If you have a small, low-traffic search workload and you're already happy with ts_rank, the built-in path is fine. For anything closer to a real search experience - product catalog, support content, log search, agent retrieval - use pg_fts.

Why BM25

BM25 (Best Matching 25) solves three problems that ts_rank doesn't:

  • Term frequency saturation. Repeated occurrences of a keyword have diminishing returns, so a keyword-stuffed document can't dominate results.
  • Document length normalization. A short product title that mentions "wireless headphones" outranks a 10,000-word blog post that happens to mention the same phrase once.
  • Inverse document frequency (IDF). Common words (the, error) get down-weighted; rare, discriminating terms ("PG-4012," "replication") get up-weighted.

That's why every modern search engine uses BM25 (or a close variant) as its baseline. With pg_fts, you get the same quality without leaving Postgres.

Enable pg_fts

To use the pg_fts extension, allow the extension at the instance level, then create the extension on each database where you want to use it.

CREATE EXTENSION IF NOT EXISTS pg_fts;

For convenient access to the functions and operators, add the pgfts schema to your search_path for the session:

SET search_path = public, pgfts;

To verify the install:

SELECT pgfts.hello_pg_fts();

To remove the extension from the current database:

DROP EXTENSION IF EXISTS pg_fts;

Create a full-text search index

pg_fts exposes a custom index access method called fts. Create an index on one or more text columns:

CREATE TABLE products (
    id          INT GENERATED ALWAYS AS IDENTITY PRIMARY KEY,
    name        TEXT NOT NULL,
    description TEXT NOT NULL
);

CREATE INDEX idx_products_fts
    ON products
    USING fts (name, description);

Key differences from a GIN index on tsvector:

  • The data column stays as plain text - no tsvector column to maintain.
  • The index updates automatically on INSERT, UPDATE, and DELETE. No REFRESH step.
  • Because results come from a custom scan, pg_stat_user_indexes doesn't show the index the same way GIN does.

Run searches

pgfts.fts_query() is a boolean filter that names the index to search. Results come back in BM25 rank order automatically.

SELECT id, name, description
FROM products
WHERE pgfts.fts_query('wireless noise cancelling headphones', 'idx_products_fts')
LIMIT 10;

Project the BM25 score

Use pgfts.fts_score() to surface the relevance score alongside the row. This function requires pg_fts in shared_preload_libraries.

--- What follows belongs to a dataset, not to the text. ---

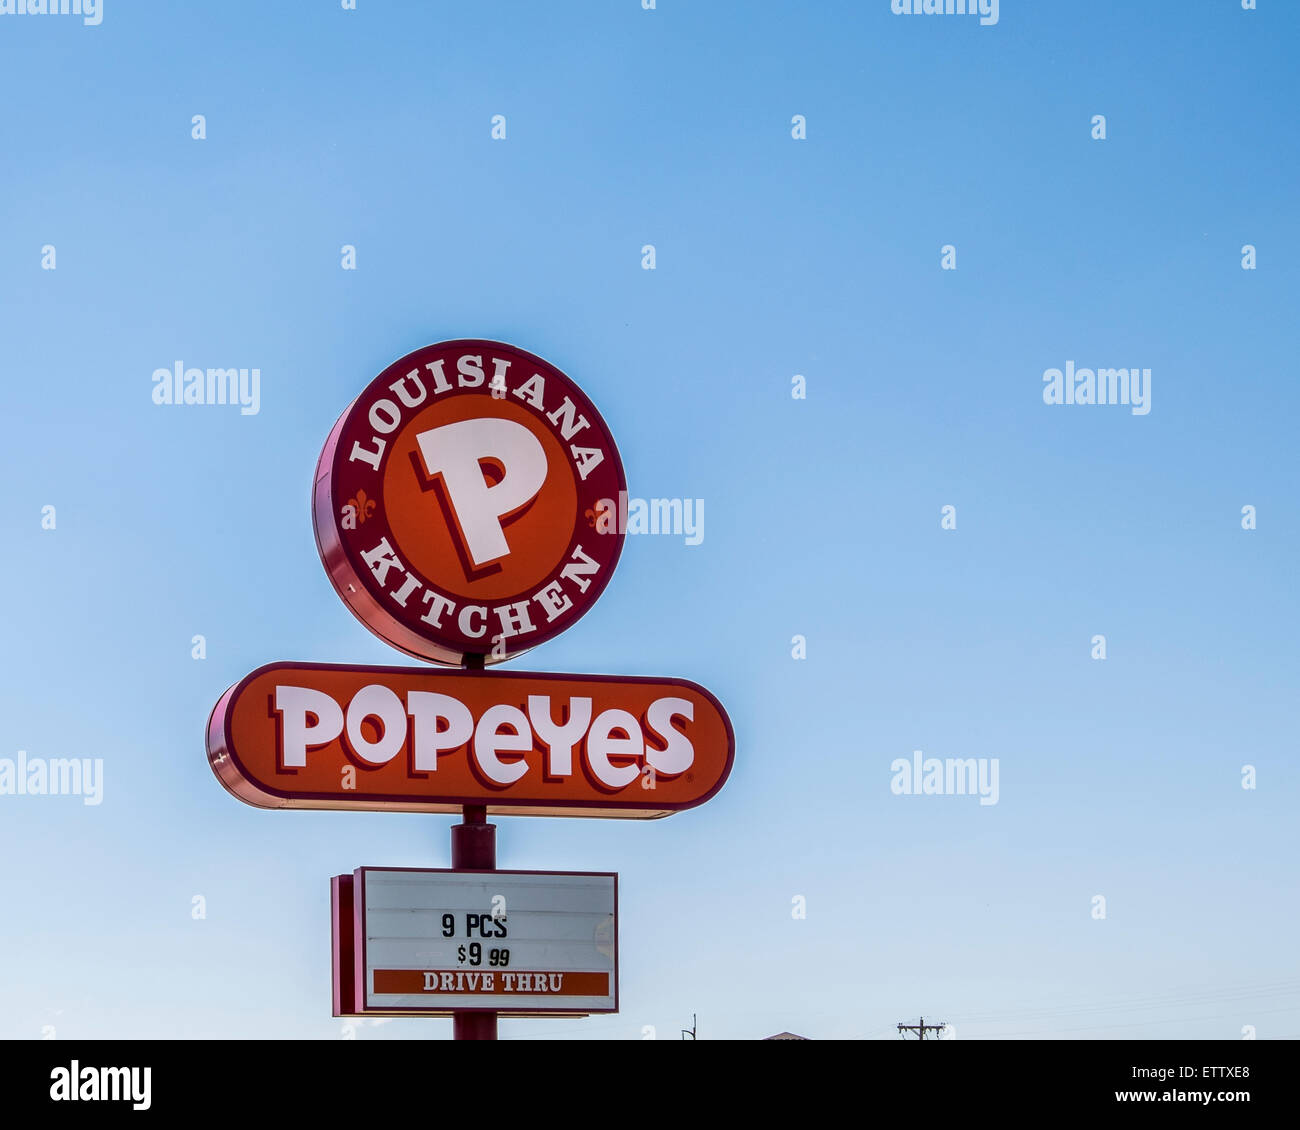 Un pole sign advertising Popeyes, une nourriture assaisonnée cajun restaurant fast food. Oklahoma City, Oklahoma, USA. Banque D'Images
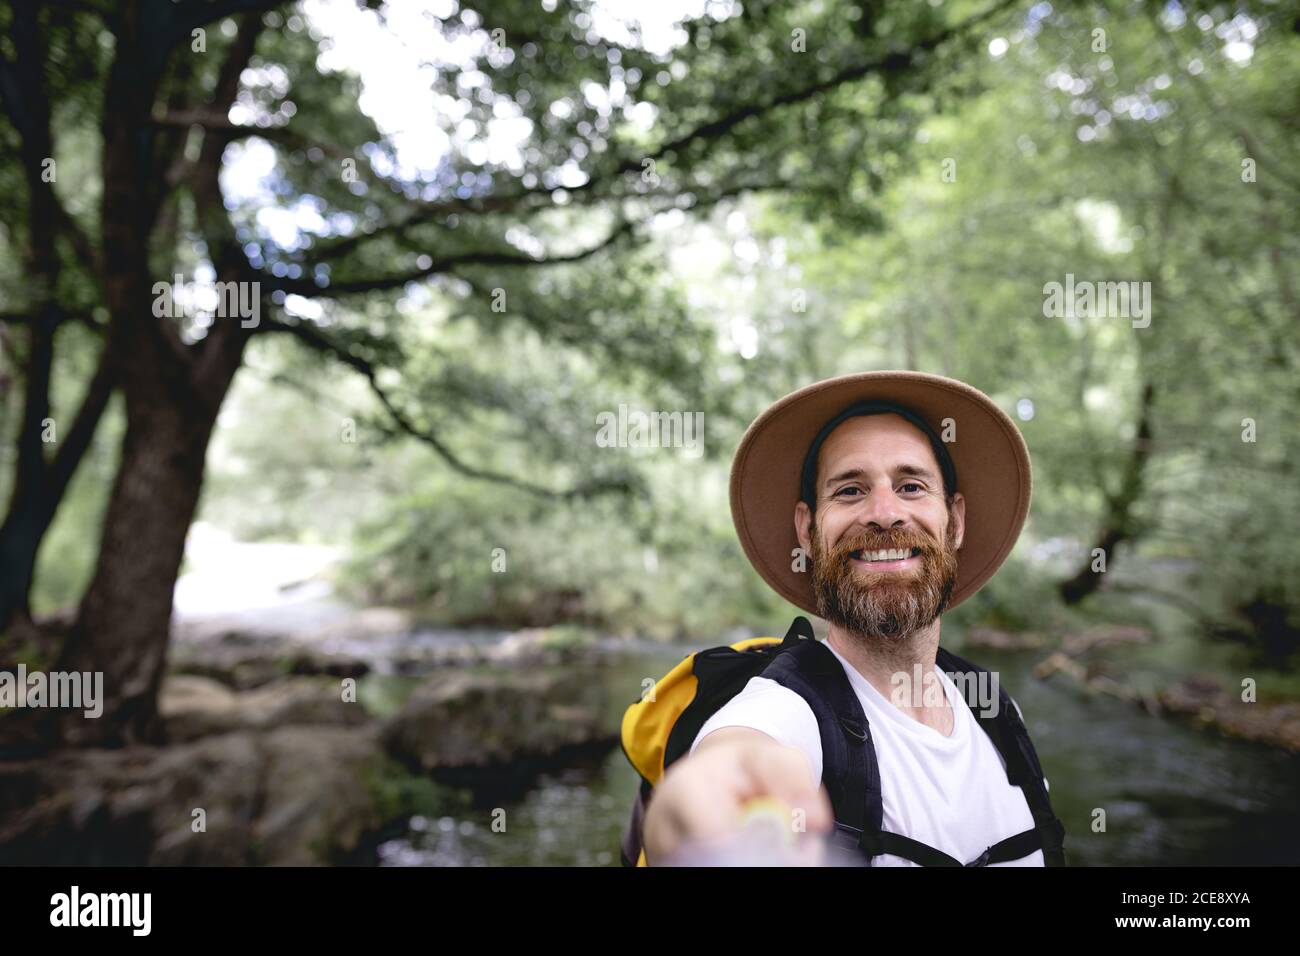 Junger Mann mit Barthut auf dem Kopf und gelb Rucksack Wandern auf einer Seenroute mit Bäumen und schattig Bereiche, die ein Selfie machen Stockfoto

SELECT id, name, description,
       pgfts.fts_score(description) AS score
FROM products
WHERE pgfts.fts_query('wireless headphones', 'idx_products_fts')
ORDER BY score DESC
LIMIT 10;

Boolean queries (AND / OR / NOT)

SELECT id, name
FROM products
WHERE pgfts.fts_query('wireless AND headphones NOT earbuds', 'idx_products_fts')
LIMIT 10;

Fuzzy search for typo tolerance

Use the JSON DSL to match terms within an edit distance of 0, 1, or 2. This approach handles real-world misspellings without needing to add pg_trgm.

SELECT id, name
FROM products
WHERE pgfts.fts_query(
        '{"fuzzy": {"description": {"value": "headhpones", "fuzziness": 1}}}'::jsonb,
        'idx_products_fts')
LIMIT 10;

Phrase proximity

Find words that appear within N positions of each other.

-- Exact adjacent phrase
SELECT id, name
FROM products
WHERE pgfts.fts_query('"noise cancelling"~0', 'idx_products_fts');

-- Words within 5 positions of each other
SELECT id, name
FROM products
WHERE pgfts.fts_query('"wireless headphones"~5', 'idx_products_fts');

The @@? operator

For simple, single-keyword filters on a text column, use the @@? operator directly. It doesn't support boolean syntax - use pgfts.fts_query() for AND, OR, and NOT.

SELECT id, name
FROM products
WHERE description OPERATOR(pgfts.@@?) 'wireless headphones';

Multi-language support

pg_fts includes analyzers for major non-Latin-script languages.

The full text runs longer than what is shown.